* _ASSIGNED TASK_:
Repeat the listing below verbatim, without its images.

* _COLLECTED MATERIAL_:
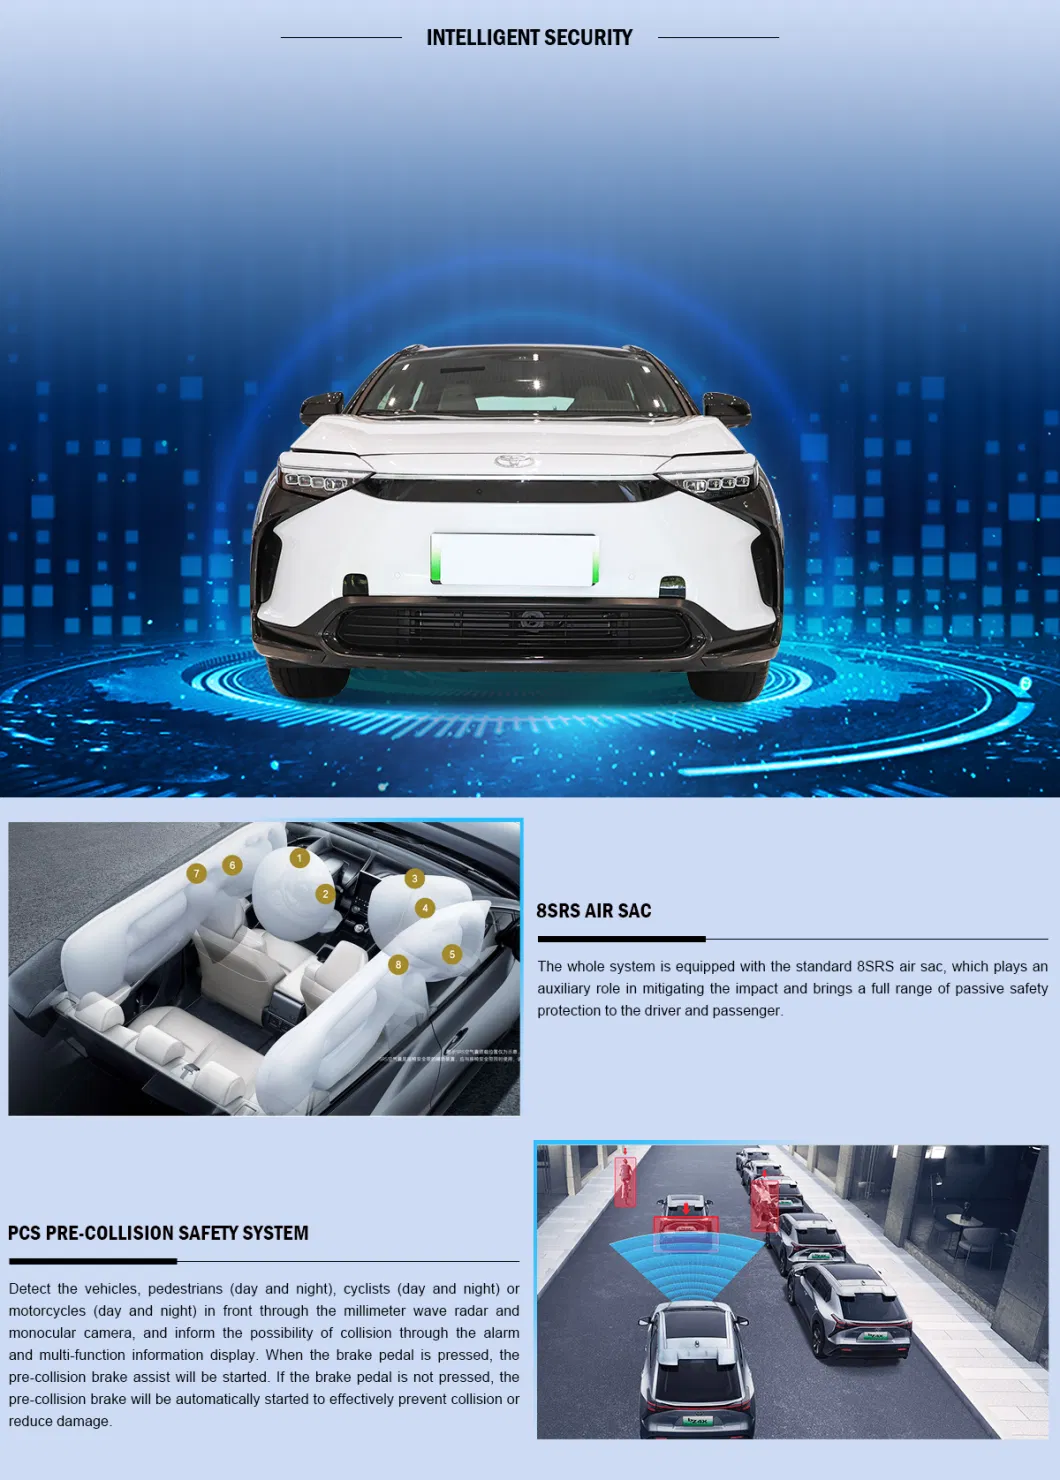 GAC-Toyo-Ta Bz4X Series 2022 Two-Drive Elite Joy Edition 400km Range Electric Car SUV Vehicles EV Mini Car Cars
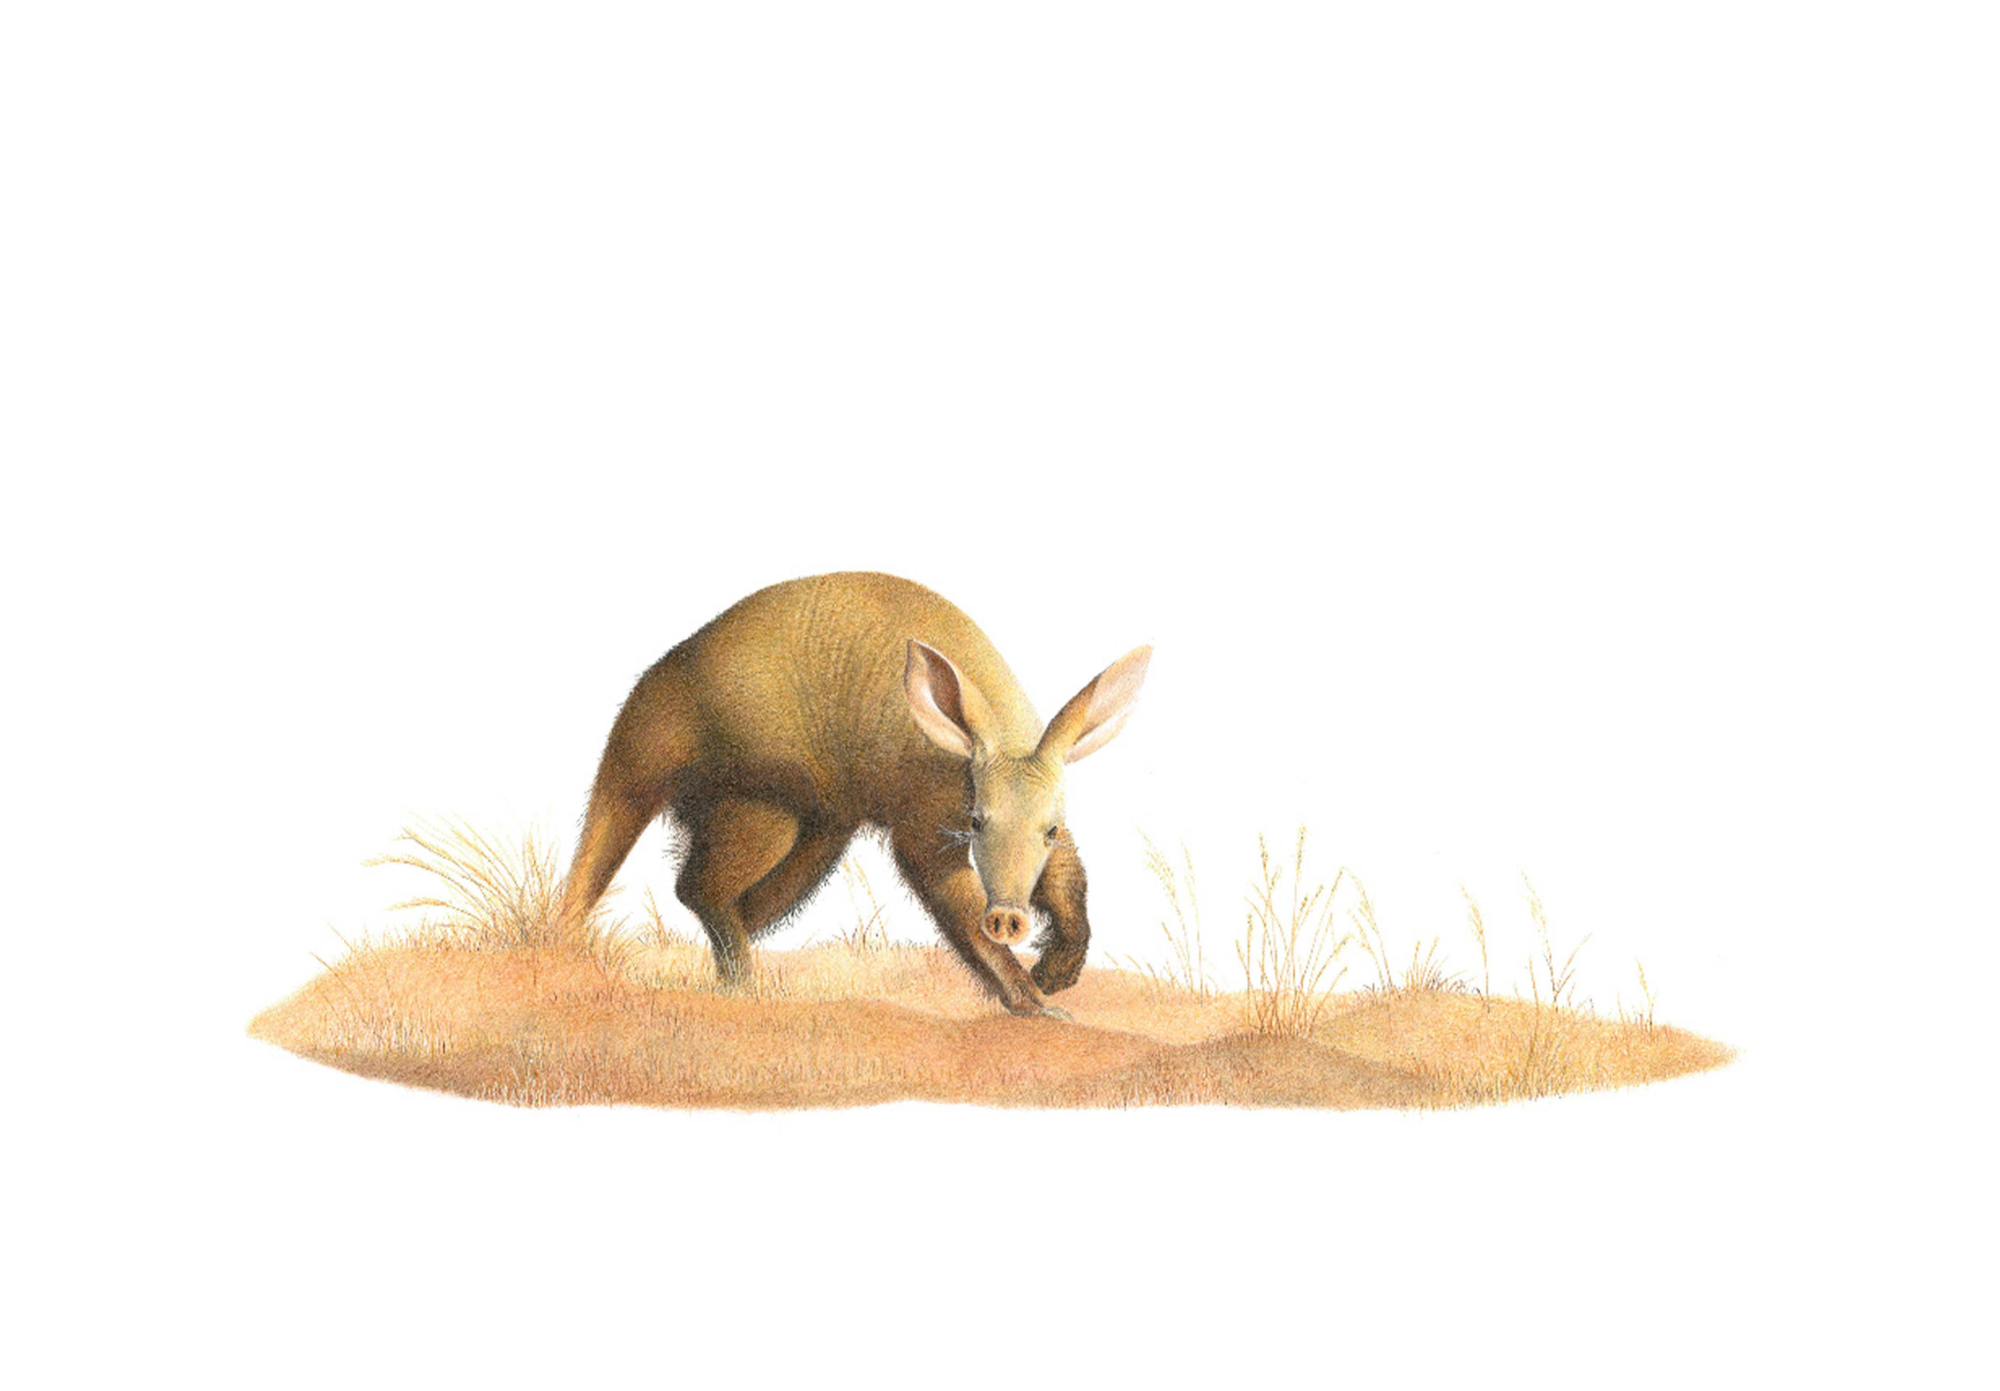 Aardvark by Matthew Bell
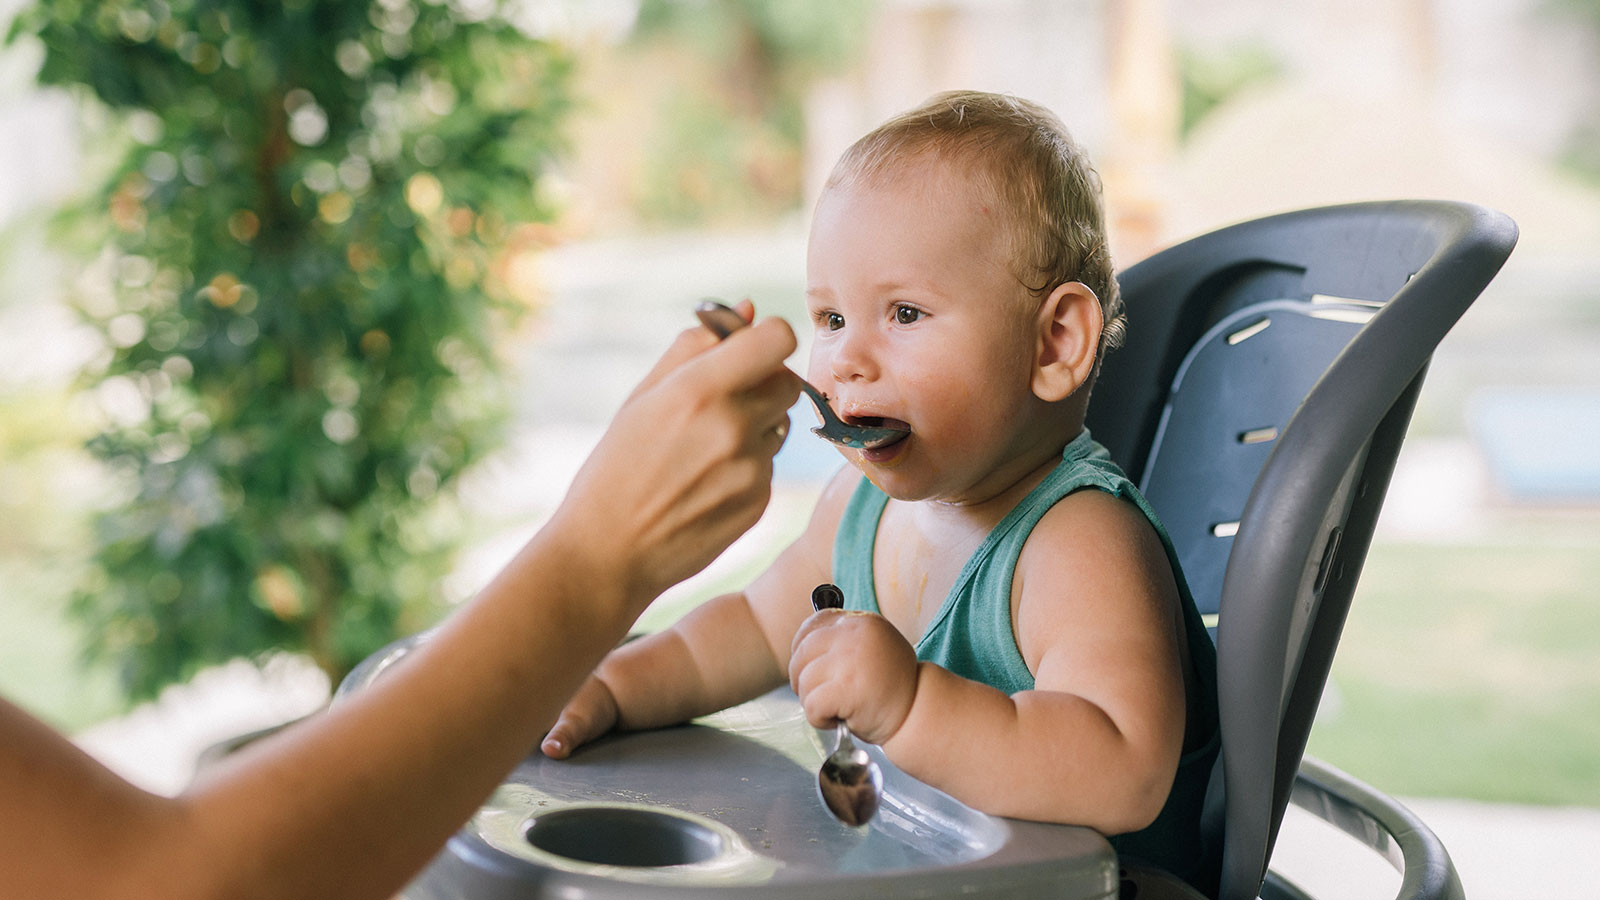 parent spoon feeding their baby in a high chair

* _RESULT OF THIS TASK_:
 GAC-Toyo-Ta Bz4X Series 2022 Two-Drive Elite Joy Edition 400km Range Electric Car SUV Vehicles EV Mini Car Cars
 Aardvark by Matthew Bell
 parent spoon feeding their baby in a high chair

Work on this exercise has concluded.